What makes them unique is that, unlike other arachnids, pelican spider don't make webs. The latest study was led by veteran aranchologist Hannah Wood of the Smithsonian National Museum of Natural History in Washington D.C. Wood analyzed and scrutinized more than hundreds of pelican spiders both from field research in Madagascar and from the pelican spiders kept preserved in museum. As a result, the pelican spider looks more like a bird than a spider in profile.
Wood says there are nearly certainly more spiders to be discovered. "These spiders attest to the unique biology that diversified in Madagascar", Wood said in a press release. A scientist has been studying hundreds of specimen coming from Madagascar and in that process, has found 18 new species belonging to an assassin, spider-eating pelican spider, which is equipped with tong-like jaws which help it effortlessly grab prey. If you're a spider, you know exactly what I'm describing - a beast, which, at least to smaller spiders, is an otherworldly, eldritch terror: the pelican spider. Wood informed that pelican spiders have a long history and their ancestors lived as long as 165 million years ago as per the fossil records. Wood was accompanied by colleague Nikolaj Scharff of the University of Copenhagen to carry out a detailed research of those 18 new species of spiders.
After studying hundreds of specimens from Madagascar, a scientist has discovered 18 new species of one of the most freaky spiders on the planet: the spider-eating "pelican spider" that uses salad tong-like jaws to snatch prey. That's because Madagascar is considered a biodiversity hotspot, meaning that over 90 percent of the wildlife exist only in that region. Also known as "assassin spiders", pelican spiders mostly follow their prey at night and perform the attack with the part of the mouth with fangs.

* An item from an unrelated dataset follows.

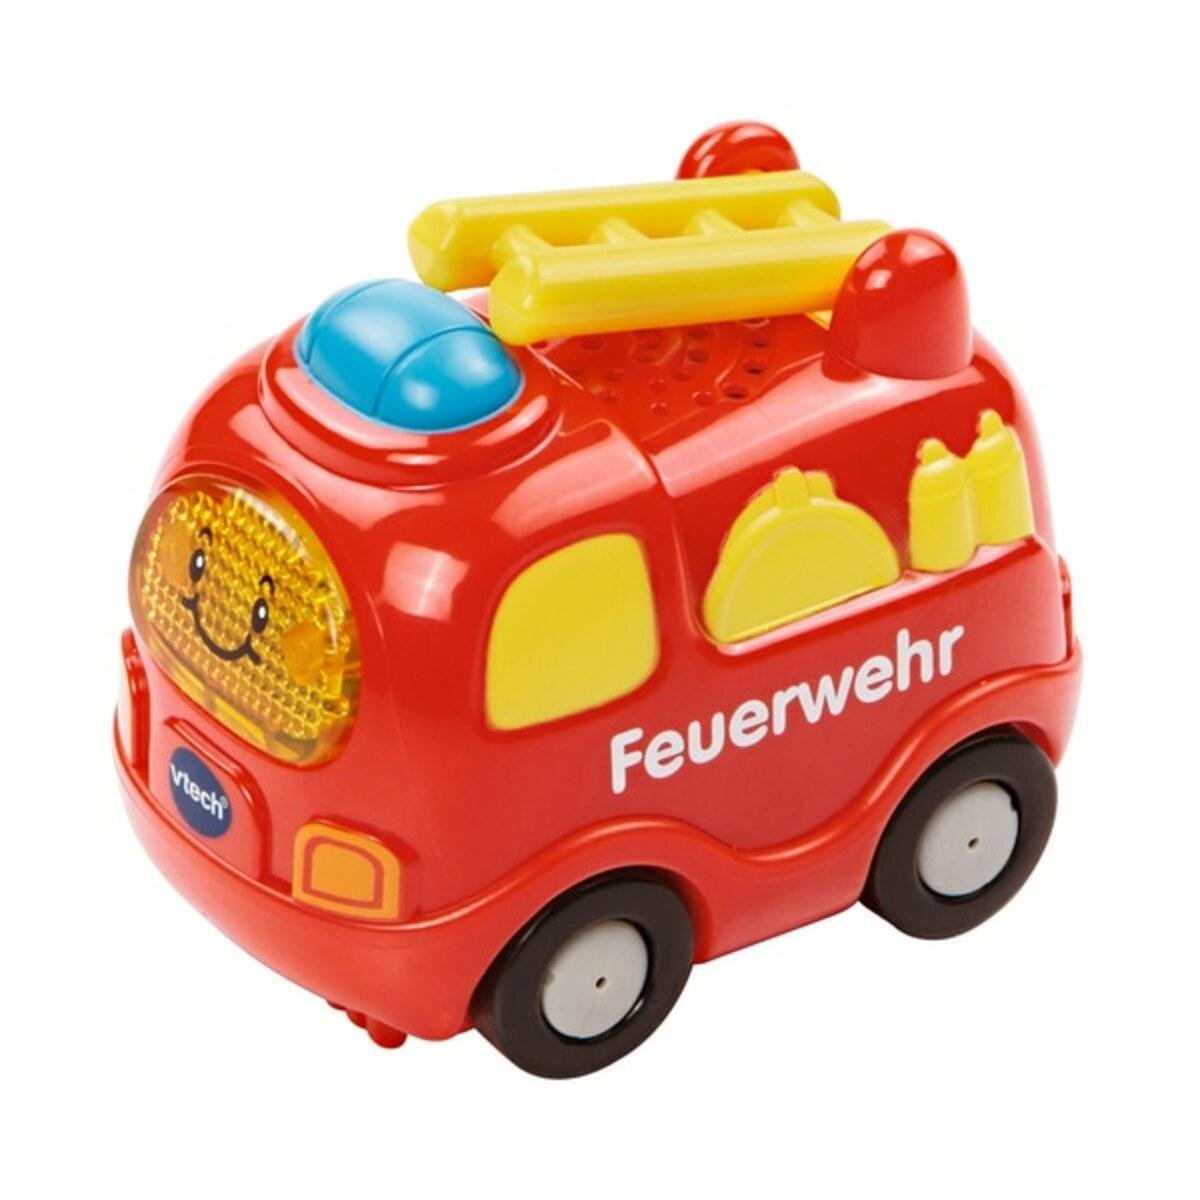 Bild 5 von VTech - Tut Tut Baby Flitzer: Feuerwehr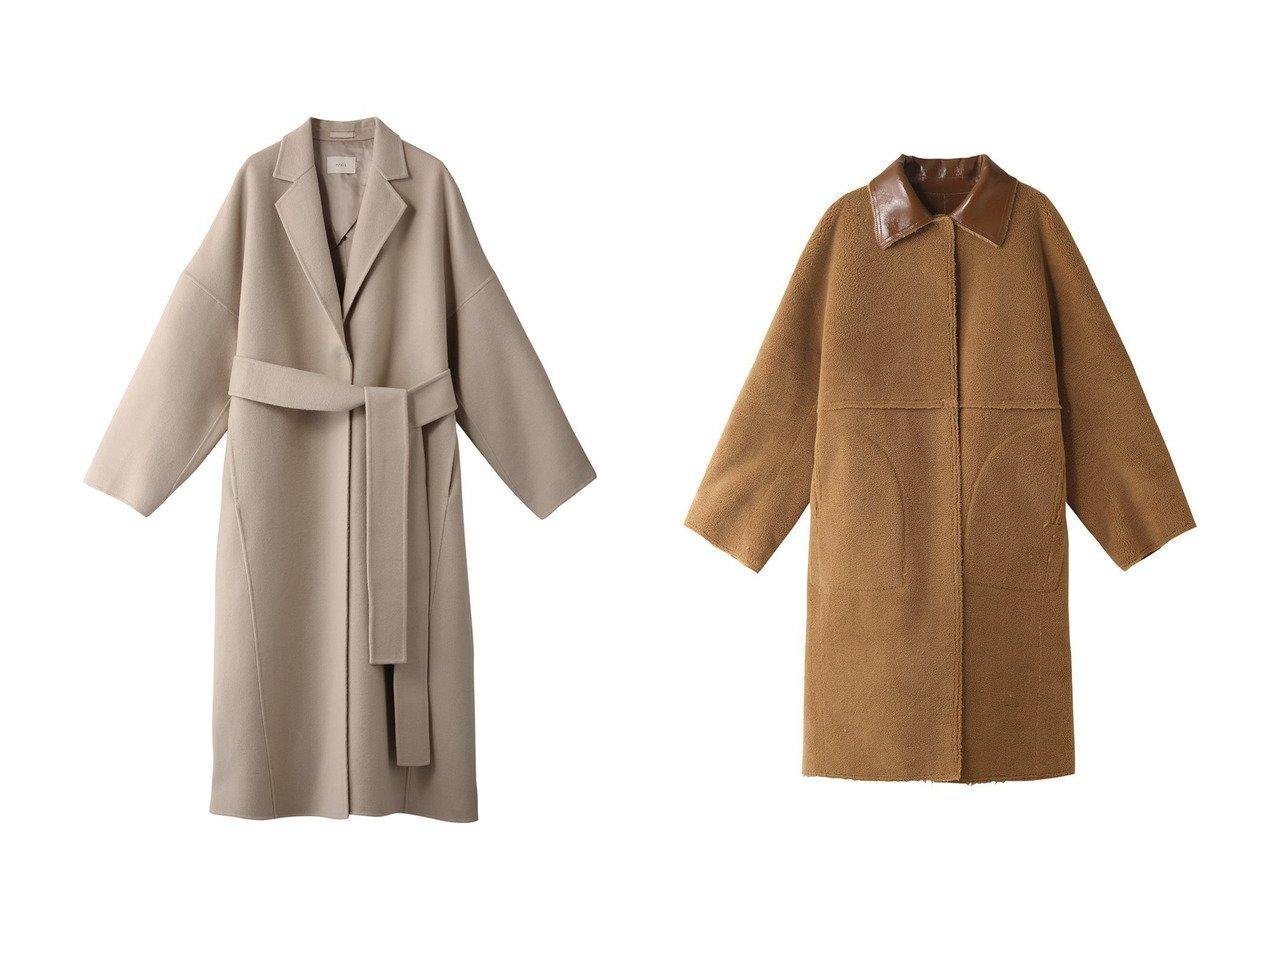 【LE CIEL BLEU/ルシェル ブルー】のフェイクパテントシアリングコート&【LE PHIL/ル フィル】のソフトウールビーバーコート アウターのおすすめ!人気、レディースファッションの通販  おすすめで人気のファッション通販商品 インテリア・家具・キッズファッション・メンズファッション・レディースファッション・服の通販 founy(ファニー) https://founy.com/ ファッション Fashion レディース WOMEN アウター Coat Outerwear コート Coats ショルダー ドロップ ロング |ID:crp329100000000457

Out of the 26 spiders that she sorted out, 18 species were found to be completely new ones which have never been seen before. But when intrepid scientists discovered live members of this group of spiders, they were deemed "living fossils".
The California Academy of Sciences started an arthropod inventory in 2000, as the wildlife in Madagascar is not sufficiently studied. In order to make her discovery, Wood studied the pelican spider which was in that collection, as well as some she collected.
Like the coelacanth, assumed extinct for millions of years, pelican spiders have survived millennia while barely changing at all. The new species add to scientists' understanding of that diversity, and will help them investigate how pelican spiders' unusual traits have evolved. It is also important to cover Madagascar as a spot which has a high potential for new species to be discovered, the press release reported.